Read the previous sentence in the original article: "Mary Long, a public information officer at Fort Devens, also declined to comment on Tsarnaev." "Long" is the name of a person, Mary Long. She is an official with the Bureau of Prisons, so the writer is talking about Mary Long, as well as other Bureau of Prisons officials.

Yes, when names look like ordinary words, it can sometimes be confusing.


There are a couple of other helps you can use to help with the meaning:

Long and other Bureau of Prisons officials say...

I take it that you realize the part in italics is a noun phrase that goes with the verb 'say'.

First, its a plural verb, so the subject will be plural.

Second there is the word and, which we might expect joins together the two subjects of 'say'.

If you have realized that Bureau of Prisons acts like an adjective of officials, you can remove the adjective, since they are optional.

You now have Long and other officials. The 'other' hints that Long must somehow be an 'other' official.

How can that be? That is not easy for you, if you are thinking about the English word long.

Perhaps it would have been easier to recognize that Long was a proper noun if it was not the first word of the sentence. Both proper nouns and the first word of a sentence are capitalized. So, if a proper noun is the first word, the fact that it is a proper noun gets camouflaged or hidden.

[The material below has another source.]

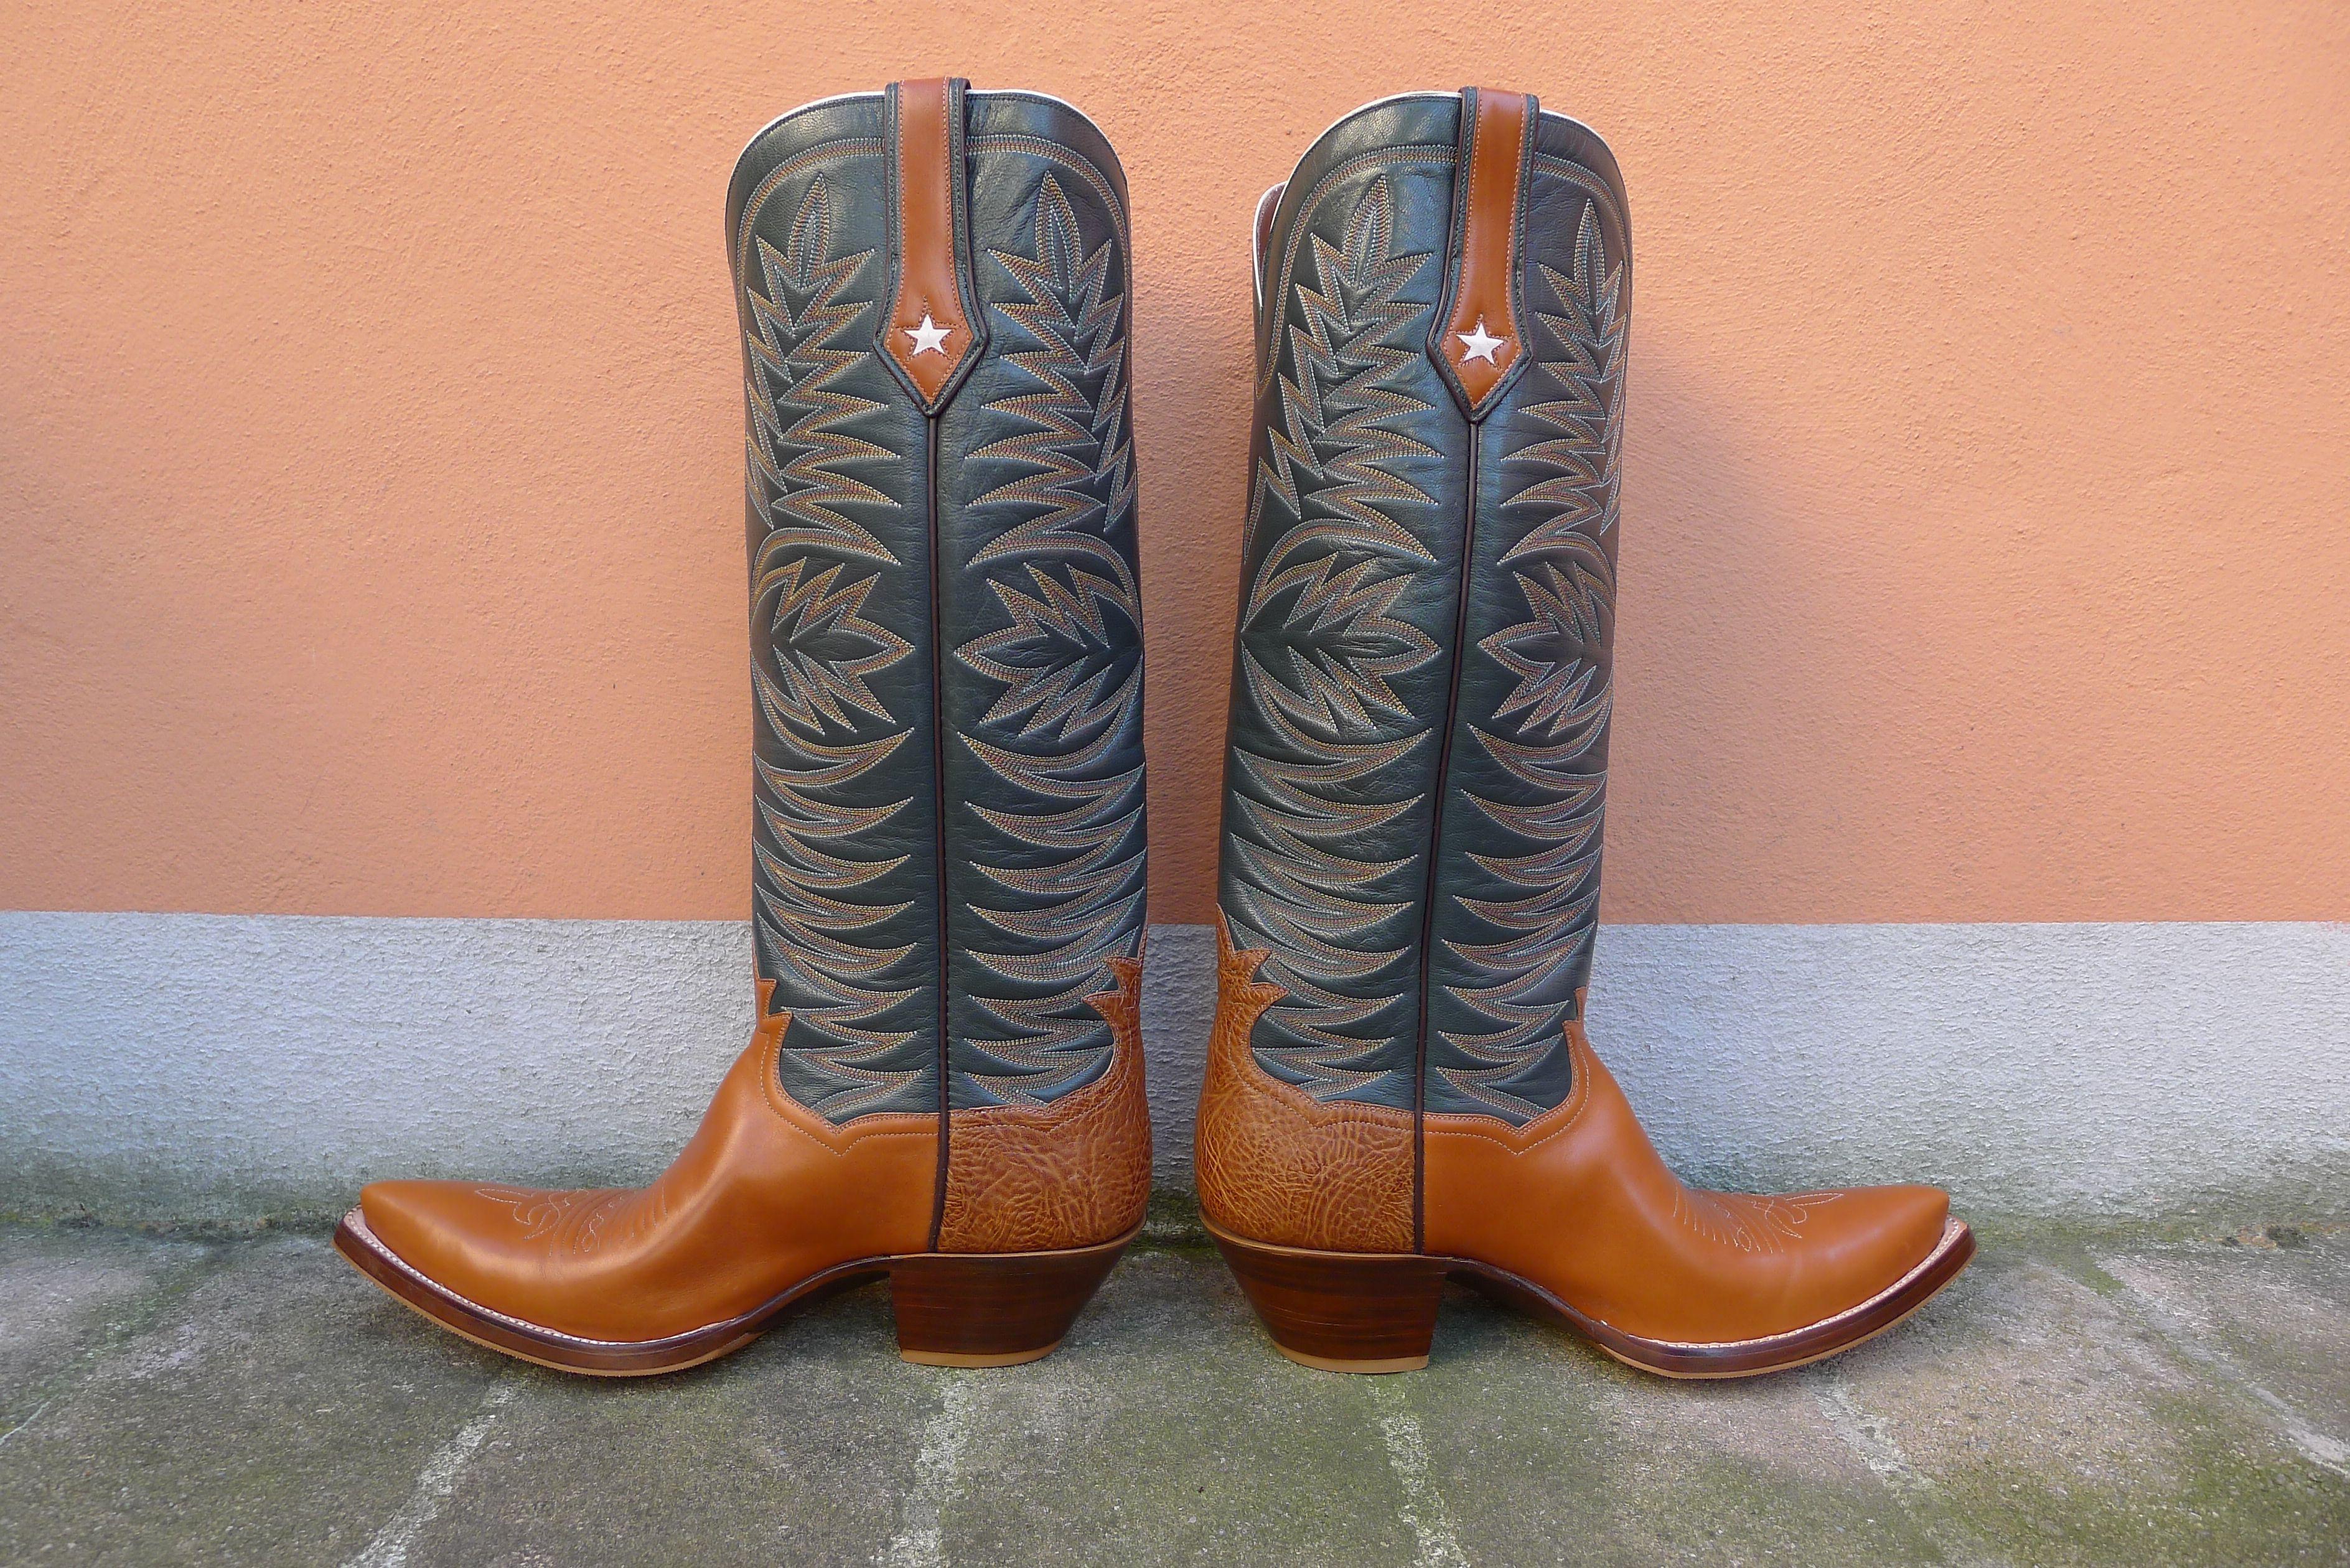 ee64623dc73 Custom Cowboy Boots, handmade by Legendary Boot Co., El Paso Texas ...

So, yeah, look around for a possible meaning of another official that could be a proper noun, Long. And as Jay points out, there is a Mary Long in the previous sentence. So you can infer that the Long in 'Mary Long' provides the 'other official' you are looking for. Plus, it helps that this Mary Long is described as an 'officer', which can be a synonym for 'official'. Of course it helps immensely to know that Long is a surname. But many common, common nouns are also surnames. Ah, you learn by experience, just like native speakers do.